- _Dataset section_:

· · · · ·

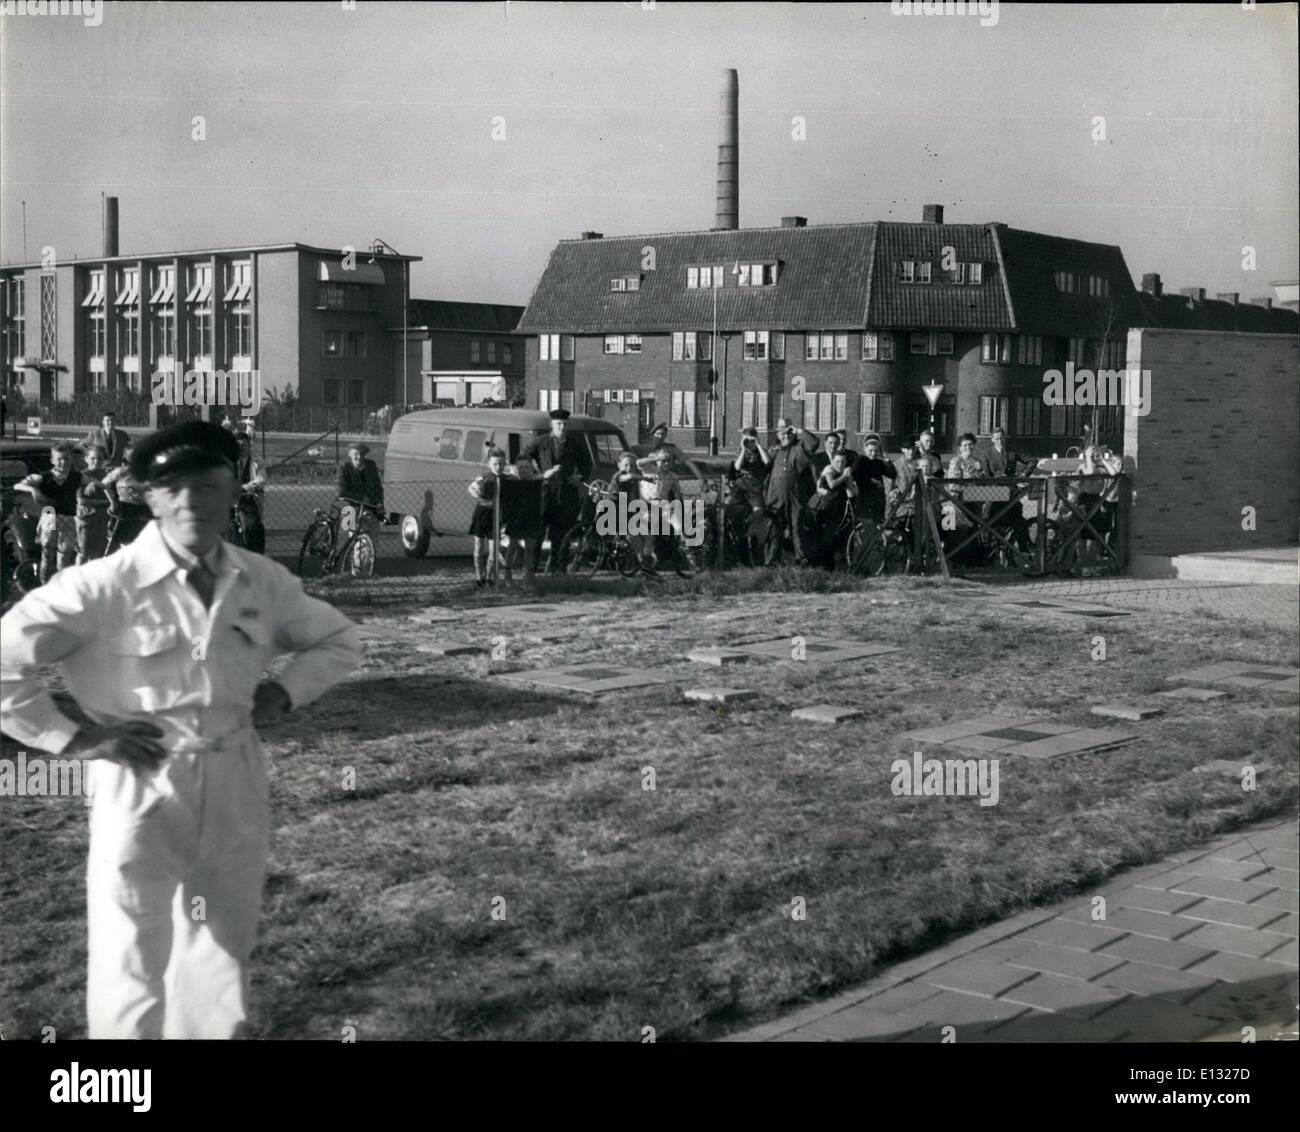 Febbraio 26, 2012 - Europa in elicottero Età: i bambini si riuniscono intorno al perimetro di un eliporto di Maastricht per osservare gli aerei Hoverling, decrescente e sollevamento per il loro movimento laterale di altezza. Foto Stock
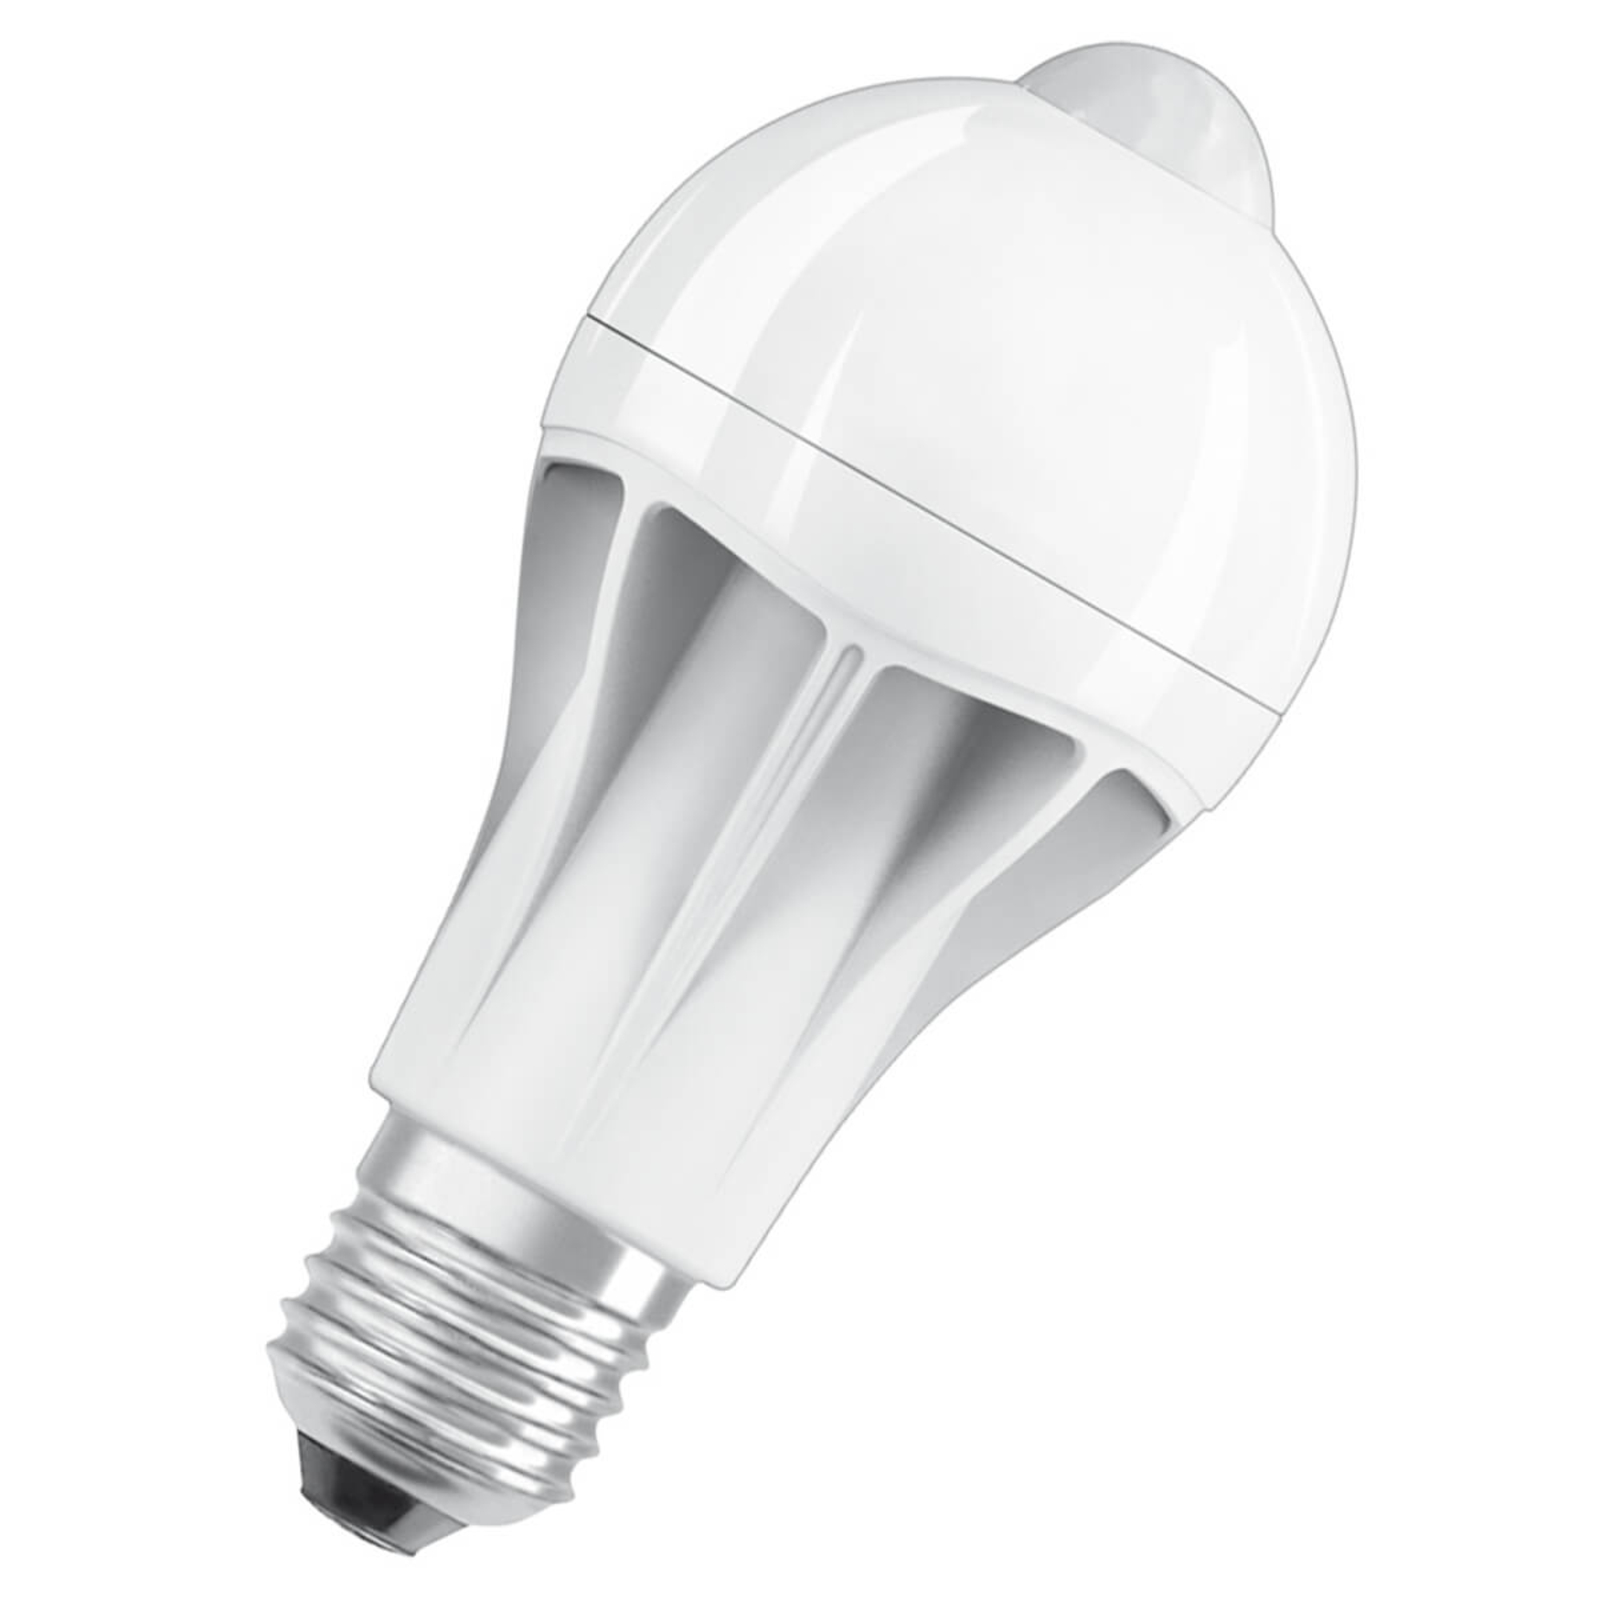 LED lamp E27 10W met bewegingssensor | Lampen24.be
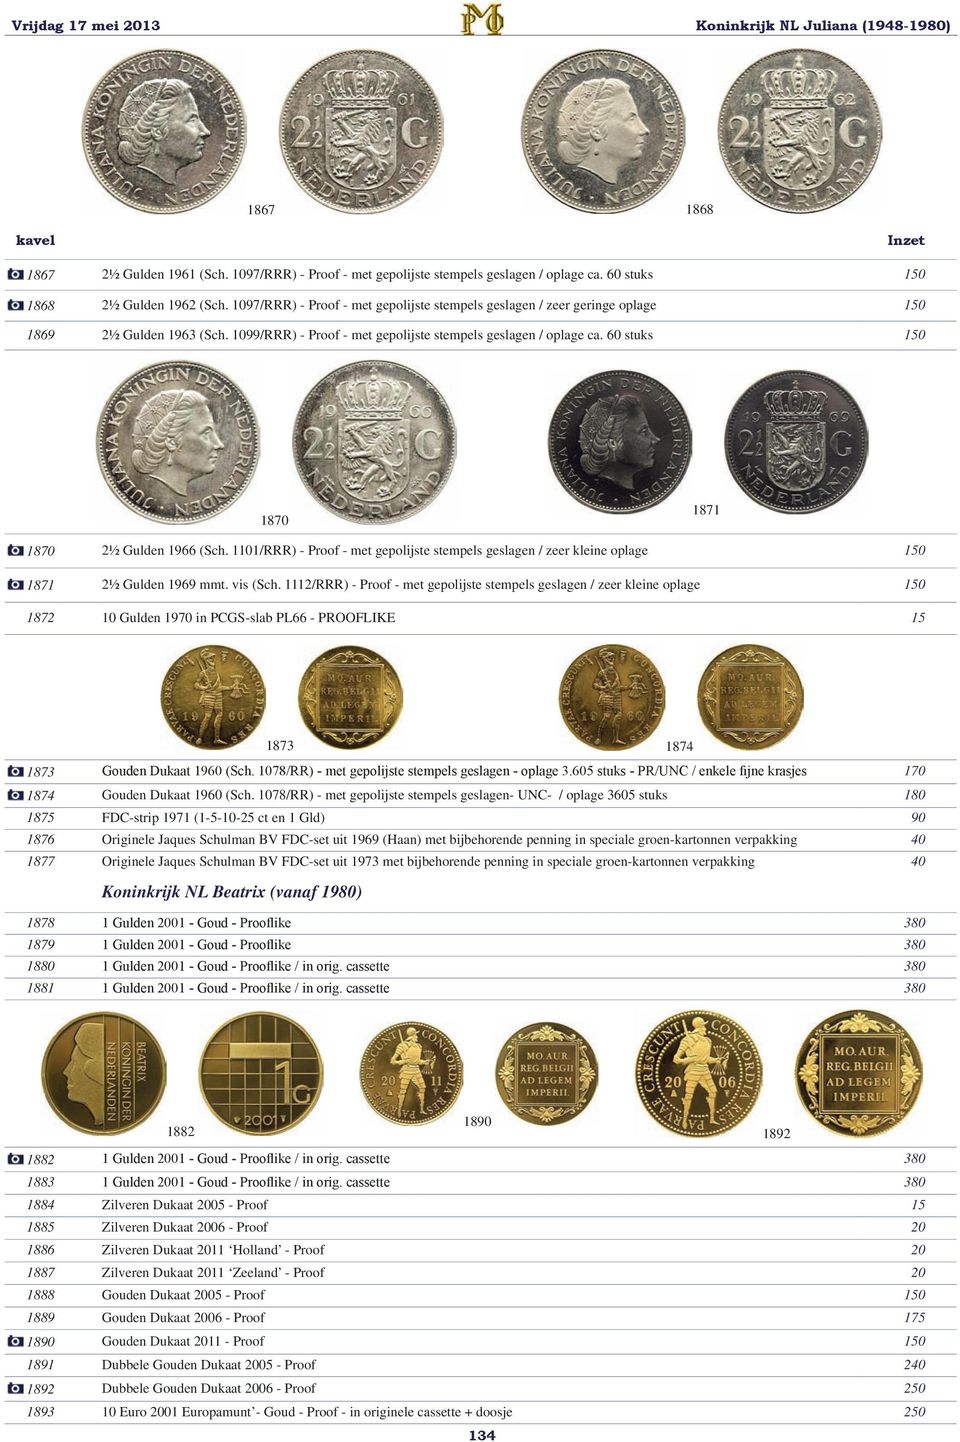 60 stuks 150 1870 1871 1870 2½ Gulden 1966 (Sch. 1101/RRR) - Proof - met gepolijste stempels geslagen / zeer kleine oplage 150 1871 2½ Gulden 1969 mmt. vis (Sch.

· · · · ·

- _Exercise goal_: Locate the line containing "LED lamp E27" in the material above, then repeat it and every later line exactly, with no pictures.

- _Final answer_:
 LED lamp E27 10W met bewegingssensor | Lampen24.be
 60 stuks 150 1870 1871 1870 2½ Gulden 1966 (Sch. 1101/RRR) - Proof - met gepolijste stempels geslagen / zeer kleine oplage 150 1871 2½ Gulden 1969 mmt. vis (Sch.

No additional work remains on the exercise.